About: 5 year veteran of eStudio expert in combining design and art together in a hands-on process.

Major: BFA Graphic Design + BA Fine Arts

Expert in: Embroidery Machine, Vinyl Cutter, Wacom Tablets, Ultra Sonic Welder


About: Skateboarding internet video freak, interested in computer literacy and programming. 

Major: Individualized Studies with focus in Sign language, computer science, and art 

Expert in: Dremel 3D Printer, Vinyl Cutter, Ultra Sonic Welder, OtherMill


About: Loves trying new things and pushing machines to their limits. Open to brainstorming if visits are stuck with where to go next.
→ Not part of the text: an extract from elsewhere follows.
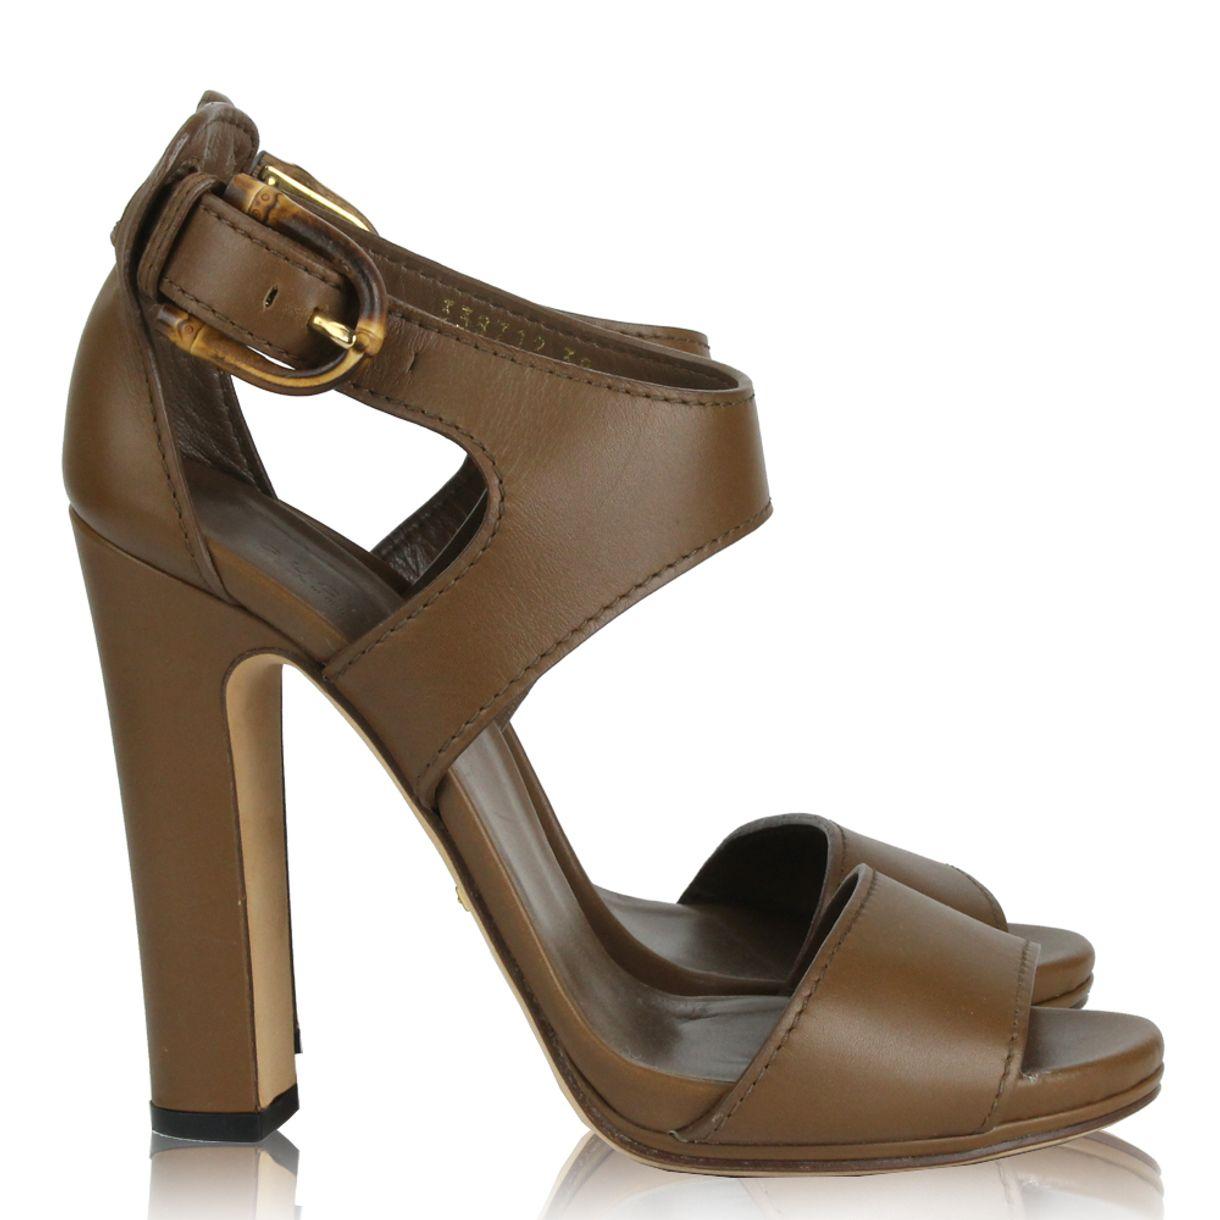 2560-sandalia-gucci-tiras-couro-marrom-1

Enjoys experimenting with new materials.

Major: BFA Sculpture + Minor in Comparative U.S. Race and Ethnicity 

Expert in: AxiDraw, Sonic Welder, Wacom Tablets, Soldering Station


About: Current volunteer, loves combining physical art and digital art, negative space, and simple body language.  

Major: Mechanical Engineering and Interdisciplinary Design (combo of graphic and product design)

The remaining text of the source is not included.